01 juillet 2006

La vie est un court exil...

The Day Dream, Dante Gabriel Rossetti, 1878.




La mère morte avait emporté, dans le désinvestissement dont elle avait été l'objet, l'essentiel de l'amour dont elle avait été investie avant son deuil : son regard, le ton de sa voix, son odeur, le souvenir de sa caresse. La perte du contact psychique avait entraîné le refoulement de la trace mnésique de son toucher. Elle avait été enterrée vive, mais son tombeau lui-même avait disparu. Le trou qui gisait à sa place faisait redouter la sollitude, comme si le sujet risquait d'y sombrer corps et biens.

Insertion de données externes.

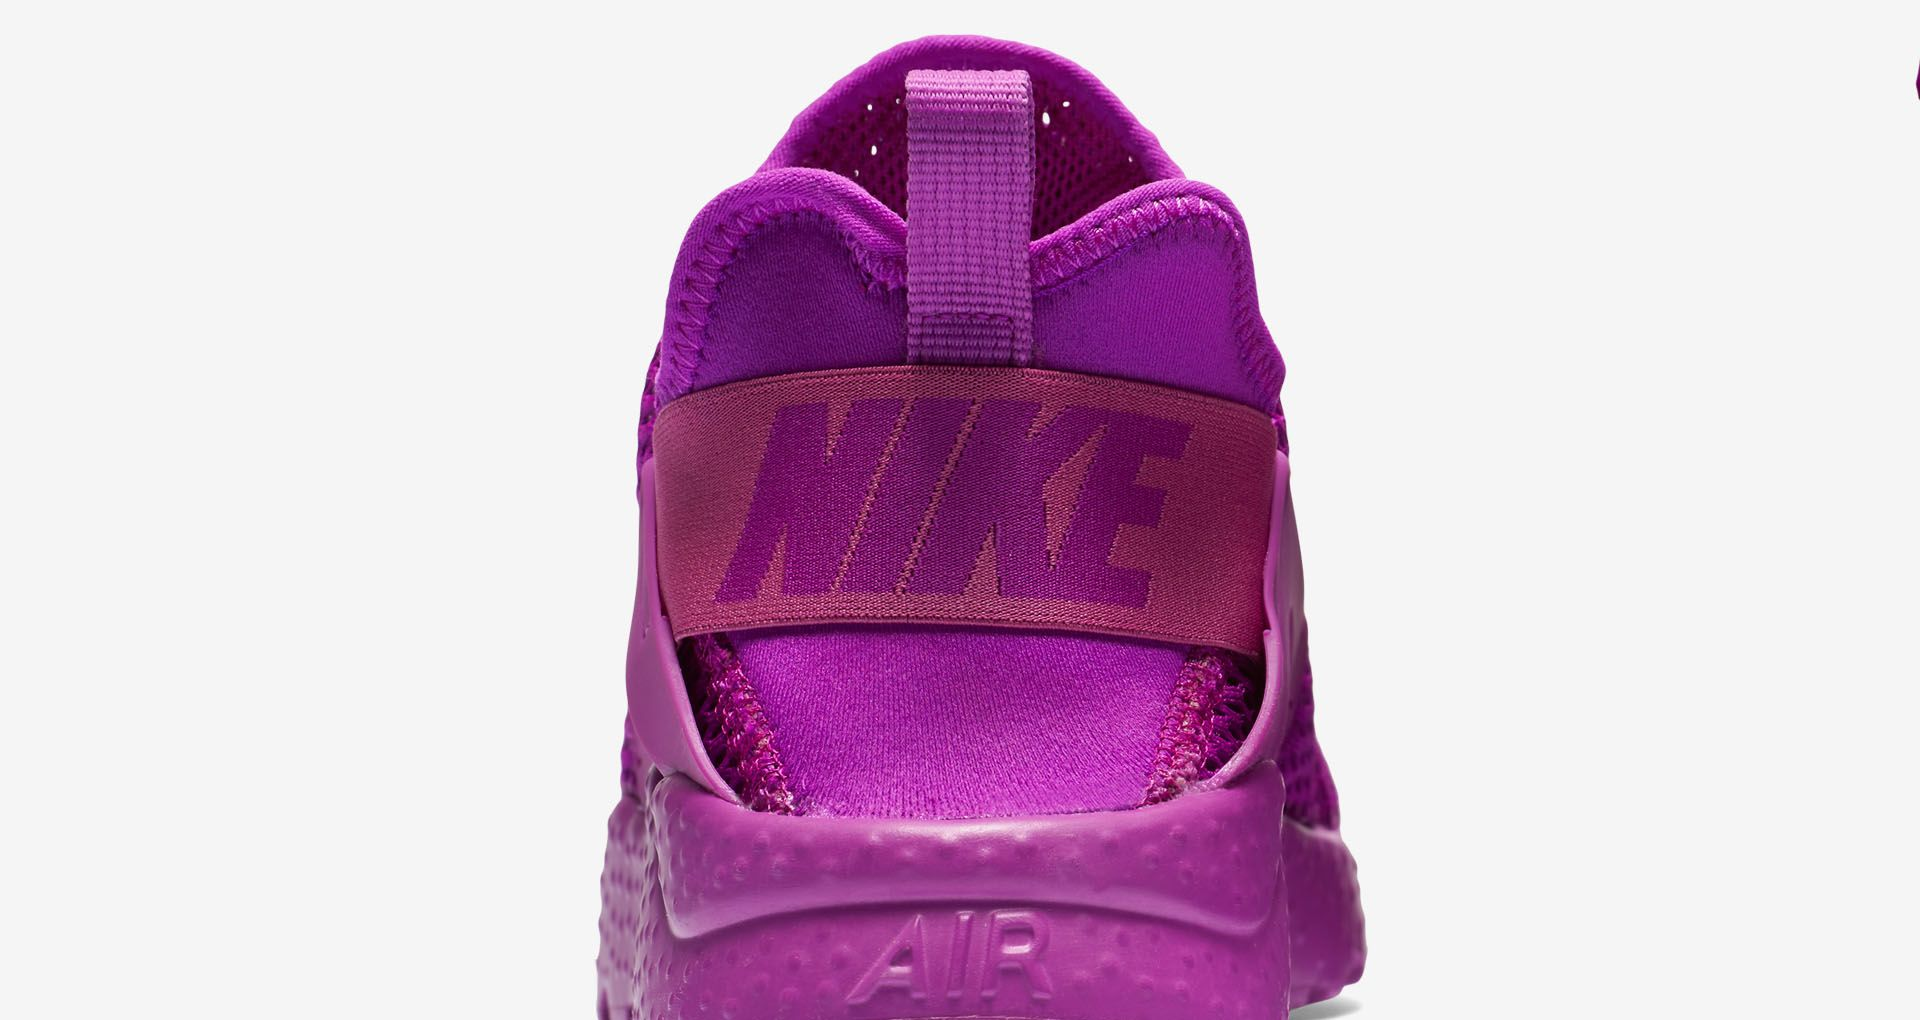 742b4fb485379 Women s Nike Air Huarache Ultra Breathe  Hyper Violet Heritage ...

Chez Chateaubriand, René, vit la mélancolie comme une douloureuse expérience de la lacération et de la perte. Monde vide que Dieu a déserté, qu'autrui a déserté. A couté la vie à sa mère en venant au monde. Dysharmonie avec soi-même et le cosmos. Rebut, dépossédé de soi-même ou possédé par une force mauvaise. La vie est un exil, une tragique séparation. Méditation sur des débris, pleurs sur des mortels, inanité des choses et vanité des entreprises, limites de la raisons, fragilité des travaux de l'homo faber.

Destin de vivre dans l'entre-deux entre Anciens et Modernes, entre deux siècles, entre passé et présent, entre immobilité et errance, entre petitesse et immensité, entre vie et mort, cadavre animé, âme prisonnière d'un corps pourri, enseveli.